Jean and Frank at the London Aquarium. They have now been apart 15 months.

Immigrant stories: The British citizen who was stripped of her passport

Immigrant stories: The British citizen who was stripped of her passport

The holiday wasn't supposed to last long.

Jean Gander had travelled back to Zambia, where she grew up, to visit family. She couldn't have known that 15 months later she would still be there.

She is still there now, trapped with her two children in a bureaucratic nightmare.

Jean, the child of a British man and a Zambian woman, was given her first British passport in 1992, when she went to the UK to study. Seven years later, she met her husband.

Frank Neumann had had a biking accident and his physiotherapist told him to attend a local gym in Kentish Town.

"We met while I was trying to exercise," he says.

"Every cloud has a silver living and my silver lining was meeting my future wife in the gym."

Jean was on the running machine when she first saw the Swiss commodities trader walk in.

"I saw this tall man," she says. "I'm very tall as well so I was attracted to him and we got chatting."

Within a few years they had moved in together, got married and had a couple of children. Jean took up a job in Harrods and the couple moved into a house in Russell Square.

Then, in January last year, she visited family in Zambia and took the kids along.

While she was there, disaster struck. Her sister was diagnosed with cancer. Jean decided to extend her stay. And then she made a second fateful decision. She went to get her passport renewed.

"My brother, who lives here, said I shouldn't renew my passport here," she says.

"He'd got his passport done by flying to England. But I said: 'I've got nothing to hide. I've renewed this passport twice before in London. I might as well do it here.' I didn't see anything wrong. It hadn't even expired. It was still valid for another two months."

For some reason which was never explained, they treated the case as a stolen passport rather than a renewal. Jean was born in Zambia in 1967 and had no birth certificate, so she had to send on her baptism certificate. But the document showed her African name, Christine Chibwe Chenda. This had never been a problem in the passport office in London Victoria, where she'd previously had it renewed. But it triggered questions in Africa.

"The official confiscated it," Jean says.

"I said: 'Give it back to me. I'll do it in England and they won't give me a problem.'

"She said: 'This passport is the property of the Queen.'

"I could see their attitude from the very beginning."

A priest reissued the certificate of baptism and attached an explanation but it was too late.

"They were asking for lots of kinds of proofs. They were really trying to dig into it," Frank says.

"They treated that as Jean being a fraud. They were really asking for all kinds of details – where she went to school in Zambia, proof of her father's British citizenship – it went on and on. We provided all the documents – documents about both parents, her dad's passport, her mum's passport.

Jean had to reapply to the regional office in Pretoria. They looked at it for six months.

In the mean time she had to start accepting her situation. She put her children, who had been separated from their country of birth, into a private school.

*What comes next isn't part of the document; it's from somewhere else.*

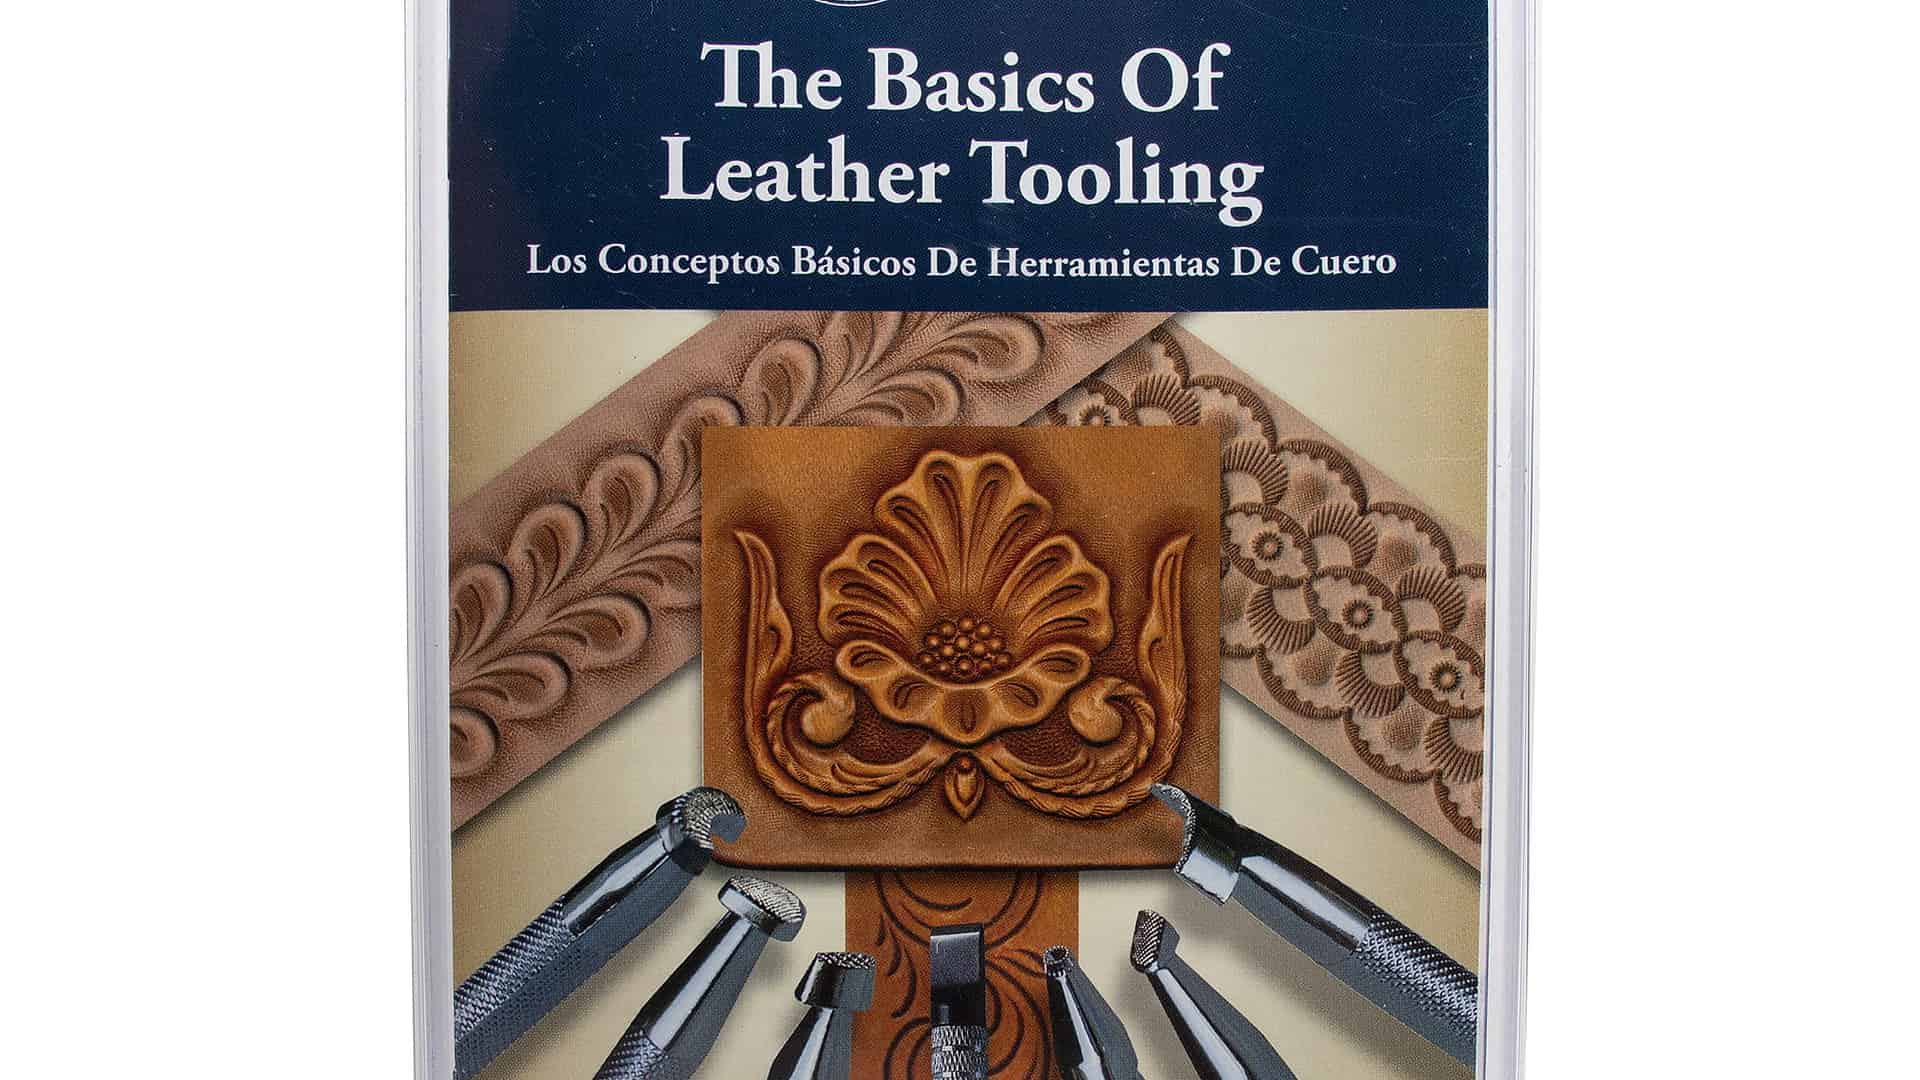 The Basics of Leather Tooling
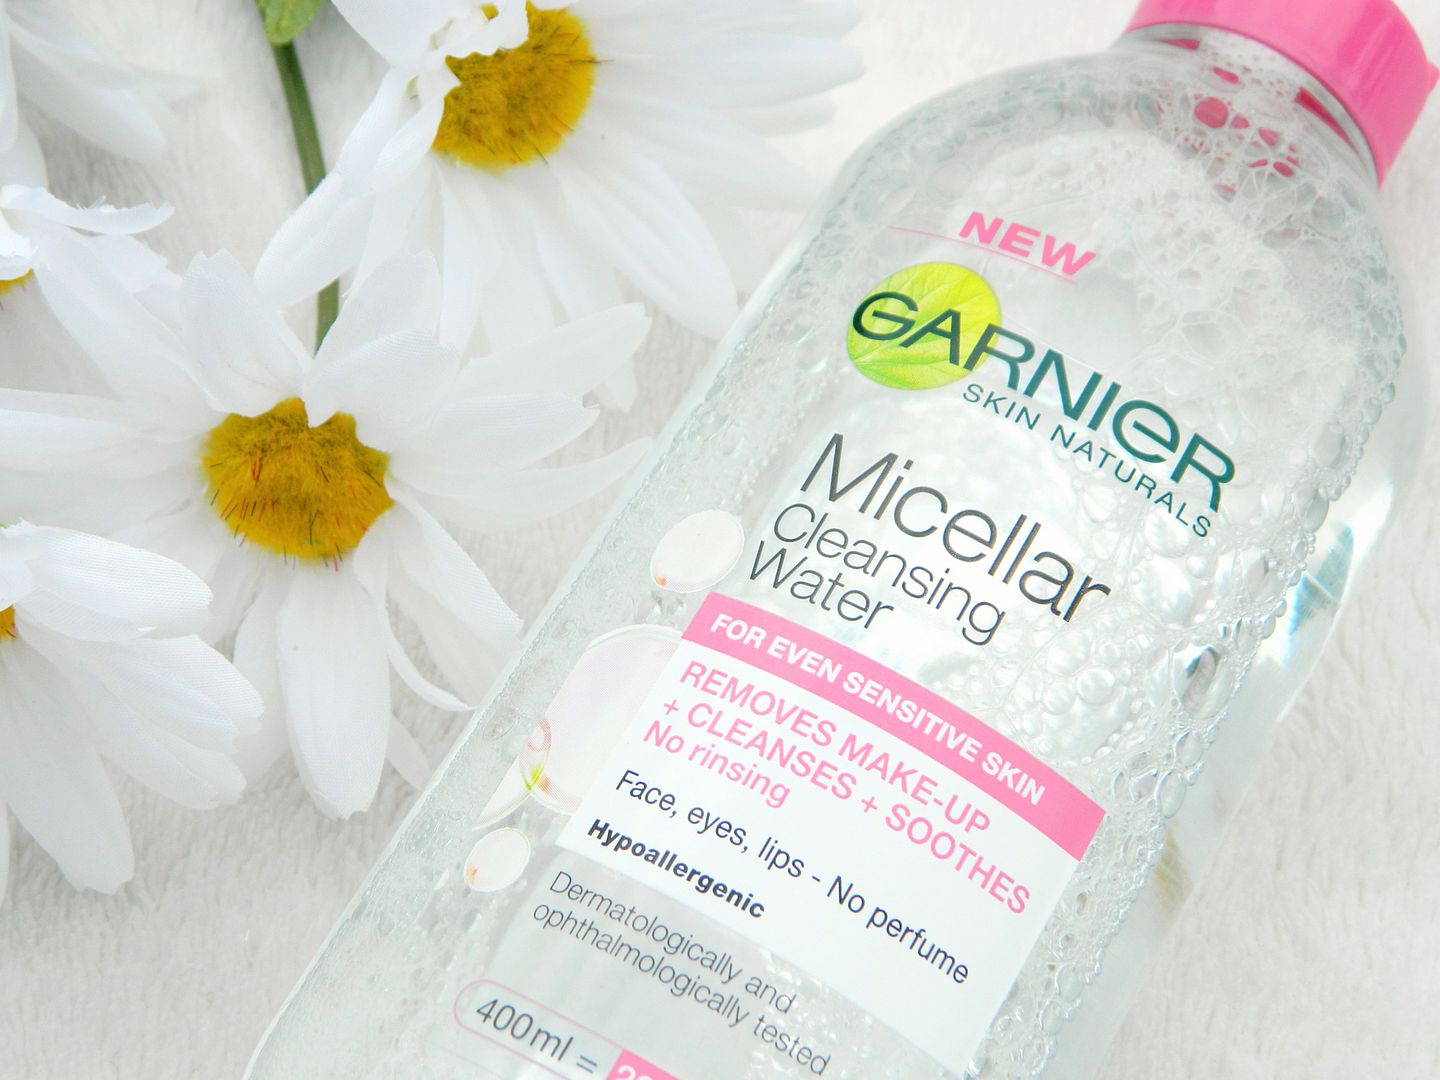 Daily Favourites Garnier Micellar Cleansing Water Review Sensitive Dry Skin Care Routine Bottle Belle-Amie UK Beauty Fashion Lifestyle Blog

"It's very expensive," she says.

"The school fees are bad, but they have to go private school. They can't go a normal school here. This is Africa. I have to put them somewhere they belong, with other European people."

Then, half a year after they had reapplied, the office in Pretoria rejected her, saying they couldn't link her to her parents. She was trapped in Zambia.

"I decided to pick it up here and get the local MP, Frank Dobson, involved," Frank says.

"He sent a letter to the Home Office."

Frank expected support from the British government for one of its citizens, but it wasn't forthcoming.

"They did not help at all. They tried to do the contrary," he says.

The Home Office asked for even more documents to be sent in.

"I had given all documentation to show she'd been living here – council tax bills, all kinds of bank statements, anything you can imagine. I provided them with it and they decided not to move."

Next, Frank tried getting her a Swiss passport as his wife. But to do so he needed to live with her, which he couldn't do because she was trapped in Zambia.

Now, Frank is trying to get Jean back into the UK by using his rights as a European citizen to live with his wife. Once Jean has returned, they will reapply for the passport again from there.

For now they are stranded – left without help by the British government, relying on one last legal avenue to get her back home.

"I need them as much as they need me," Frank says.

"I fly three or four times a year to see my kids and my wife. I miss them. I miss them above anything.

"What am I going to do in the future? This can't carry on forever. I have to consider, if the worst comes to worst, that I may have to quit my job and go live there."

Down in Zambia, Jean is pining for Frank.

"I need my husband. My children need their father. I need my home," she says.

"My sisters are there. My bothers are there. All my clothes are there, my things are there. It's like being in prison.

"This is not my home. London is my home."

Jean is still in Zambia and Frank is still in London. This is their immigrant story.